Сосредоточился на рыжих волосах Алины, идущей в трех десятках метров впереди. Она то показывалась, то исчезала за нестройными рядами прочих участников шествия. Хотелось, чтобы она его наконец-то заметила, но она продолжала брести под руку с подругой.
Решил подобраться ближе и начал обходить впередиидущих, стараясь не привлекать внимание немногочисленных, но важных гостей. Во время очередного маневра внезапно зацепился взглядом за одну из фигурок, стоящую среди наблюдателей.
Владимир Анатольевич!

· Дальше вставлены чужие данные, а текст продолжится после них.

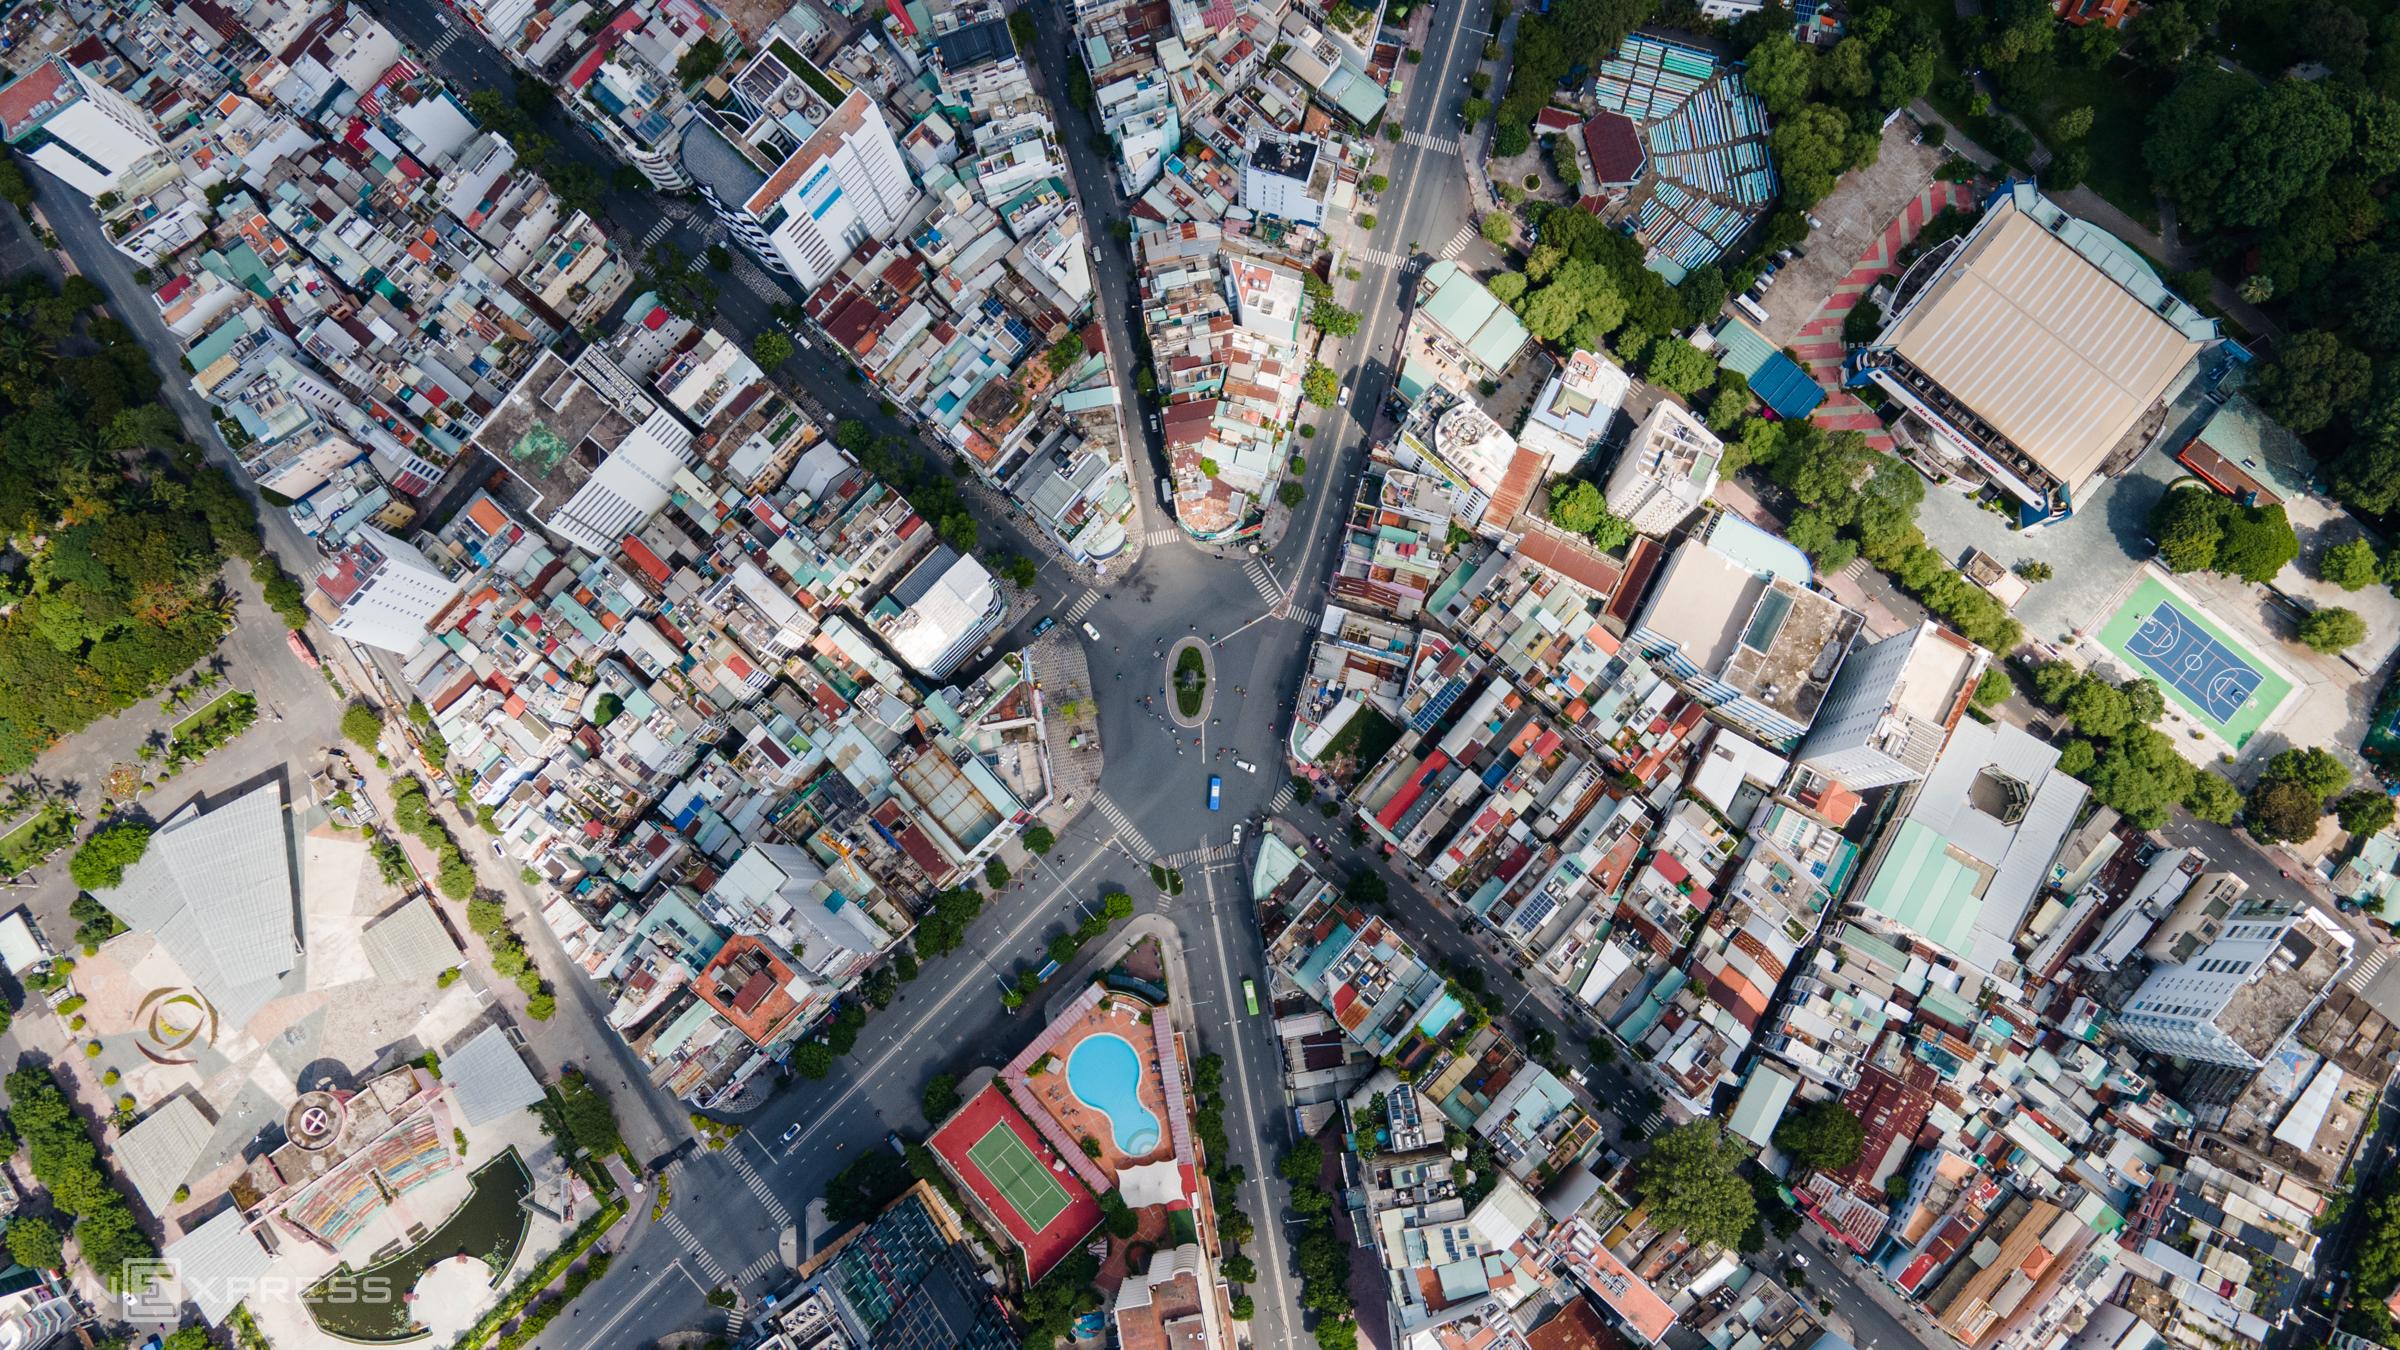 Ngã sáu Phù Đổng, quận 1, TP HCM, ngày 31/5. Ảnh: Thành Nguyễn
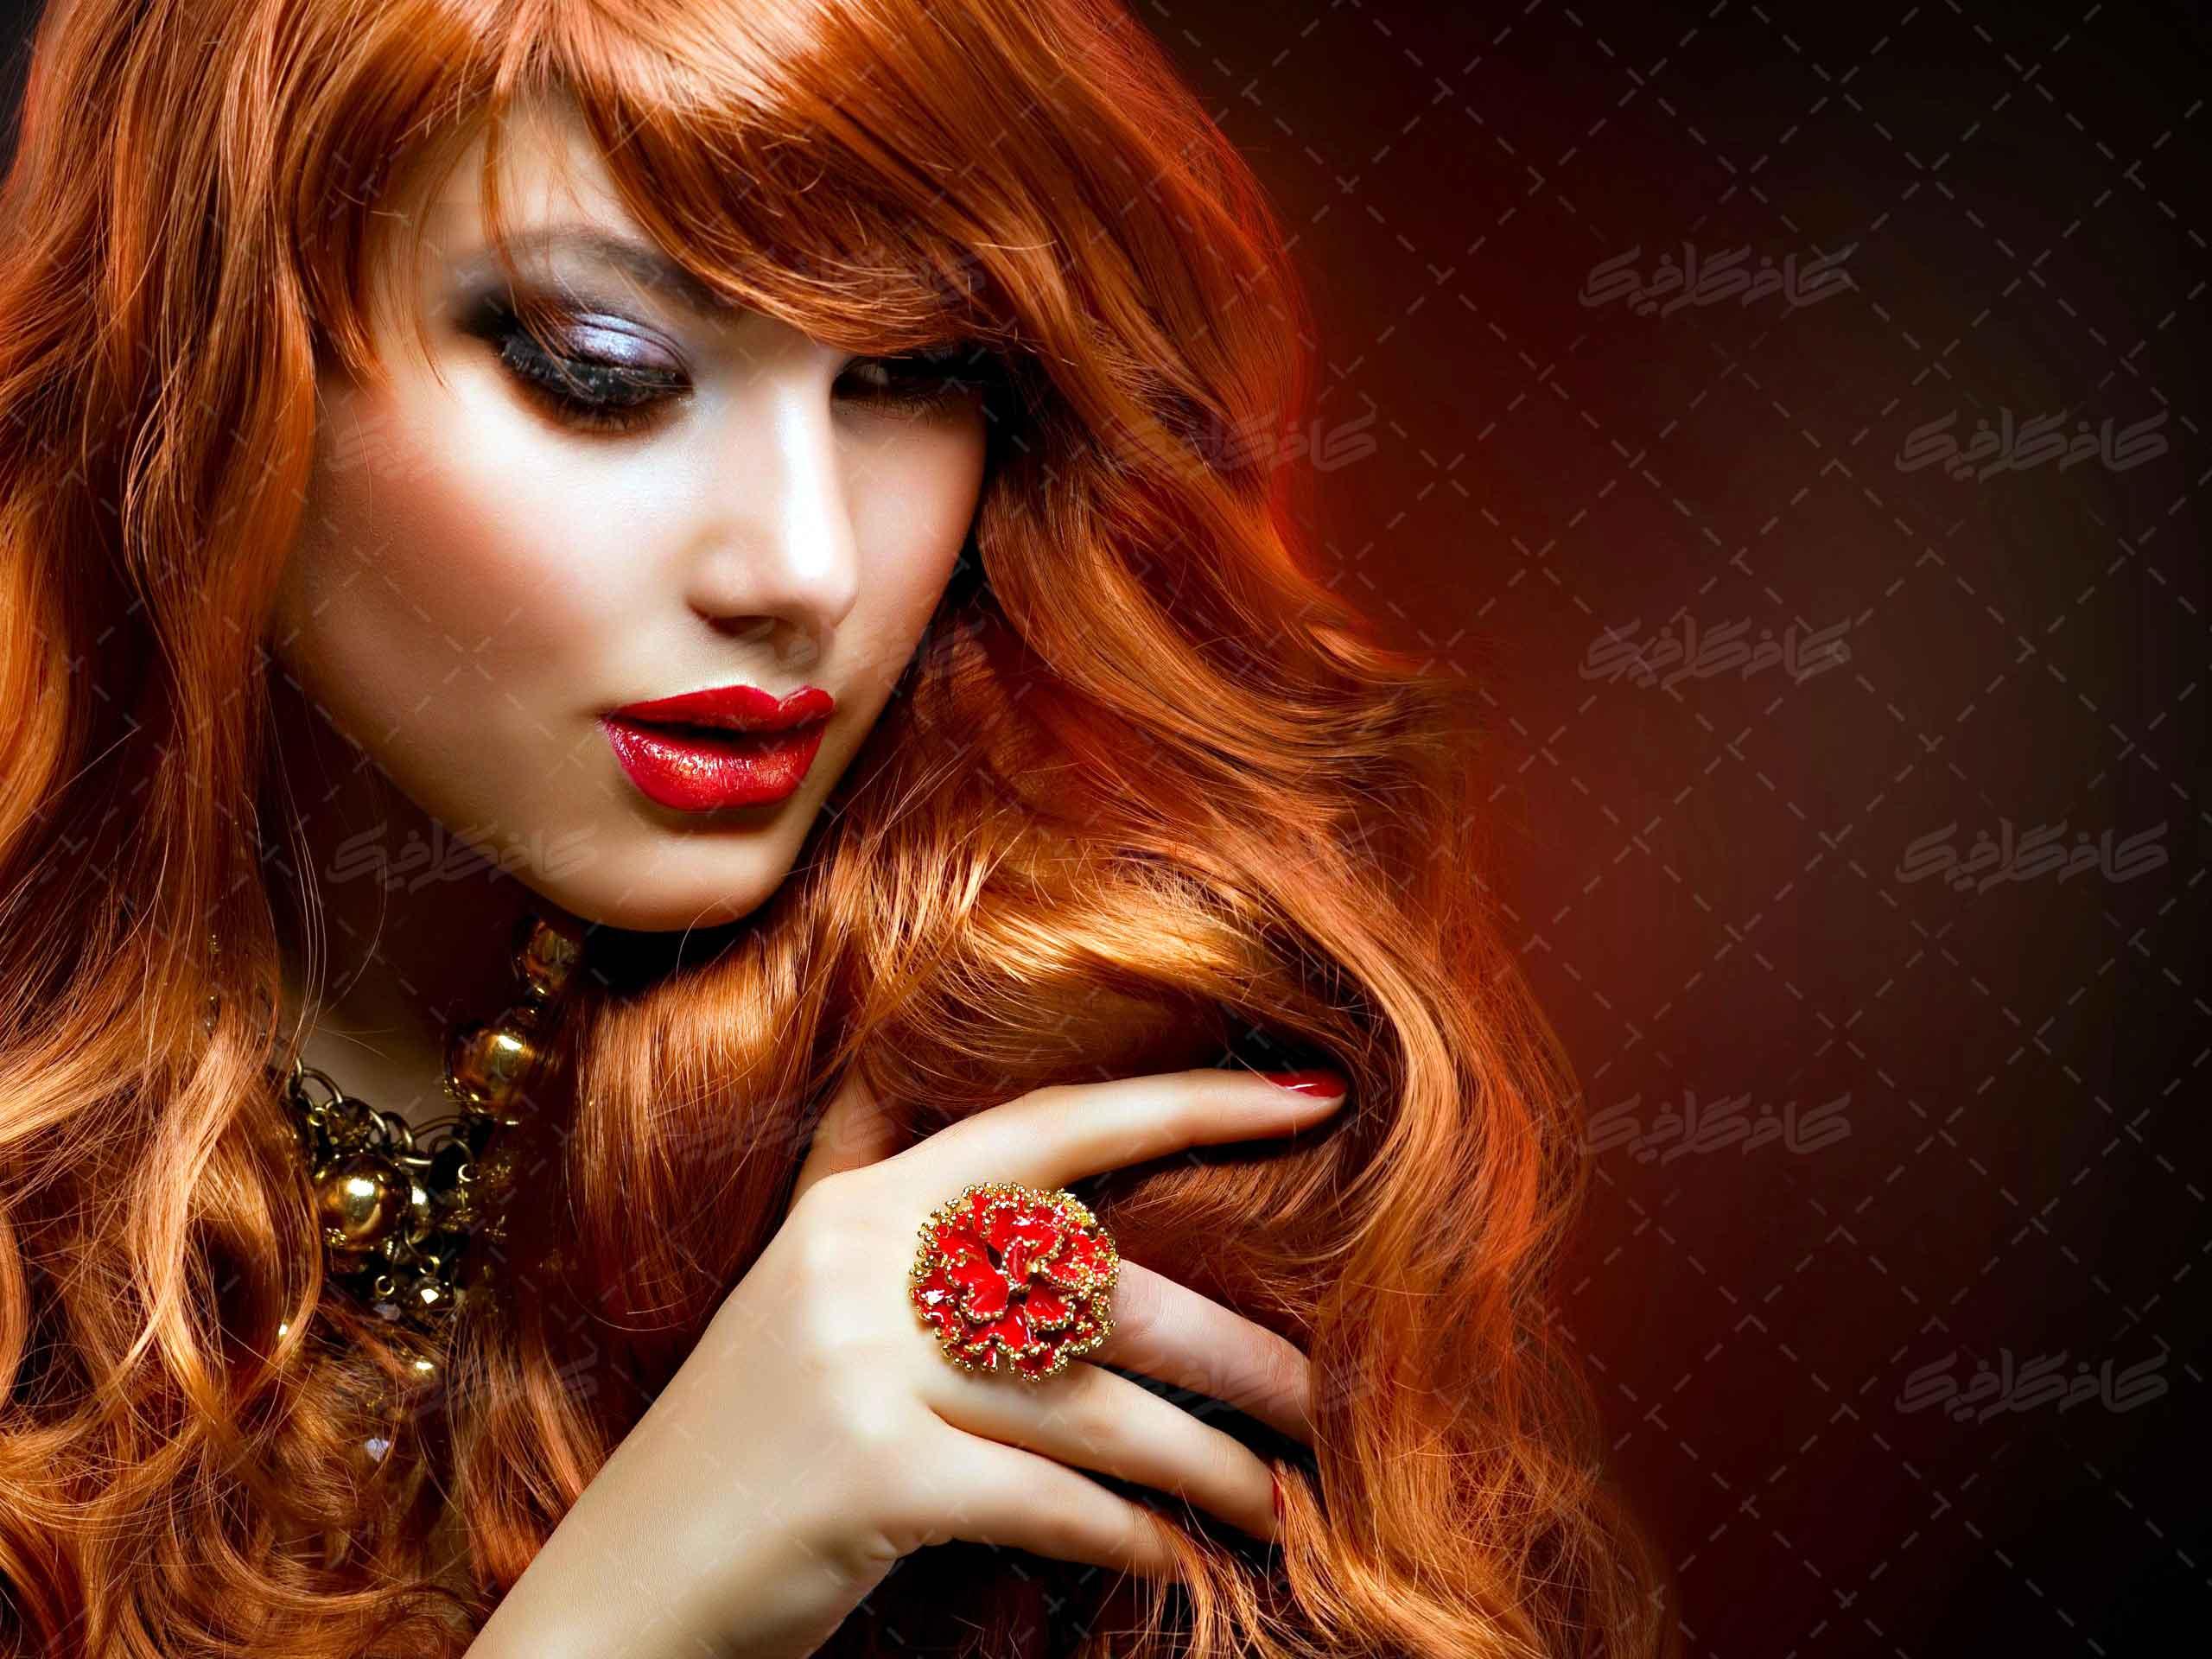 تصویر استوک زن مو قرمز

Это, без сомнений, был он. В левой руке он держал поводок, заканчивающийся зевающей собакой, а правой вытирал платком со лба пот, катившийся из-под теплой шапки-ушанки.
Коренев забыл об Алине, параде и необходимости соблюдать подобие строя. Он не видел под собою земли и несся наперерез толпе, наступал на ноги и расталкивал других участников, которым не повезло оказаться на его пути. Плакат волочился следом и бил по коленям.
– Молодой человек! Осторожней! – раздавались крики, но Коренев не обращал на них внимания. Он топтался по чужим ботинкам, в ответ ругались и вскрикивали от боли, но это казалось ему сущей мелочью, когда появился реальный шанс выбраться на свободу.
– Владимир Анатольевич! – закричал он, опасаясь упустить из виду знакомую фигуру с собакой. – Я здесь! Посмотрите сюда!
Со всех сторон на него зашипели, и даже Алина с подругой оглянулись на шум. Стройность рядов нарушилась, возникла заминка. Благостная картинка дружного коллектива, в ногу идущего в будущее, разрушалась на глазах.
Владимир Анатольевич притворился, что ничего не заметил. Он поглядел на часы и пошагал прочь от места проведения парада, потянув на поводке недовольного пса. Единственный шанс на спасение ускользал, и Коренев припустил быстрее. Выбросил плакат, сдерживающий бег, и теперь ничто не мешало расчищать перед собой дорогу двумя руками.
Владимир Анатольевич с испугом оглянулся на шум, но при виде Коренева ускорился.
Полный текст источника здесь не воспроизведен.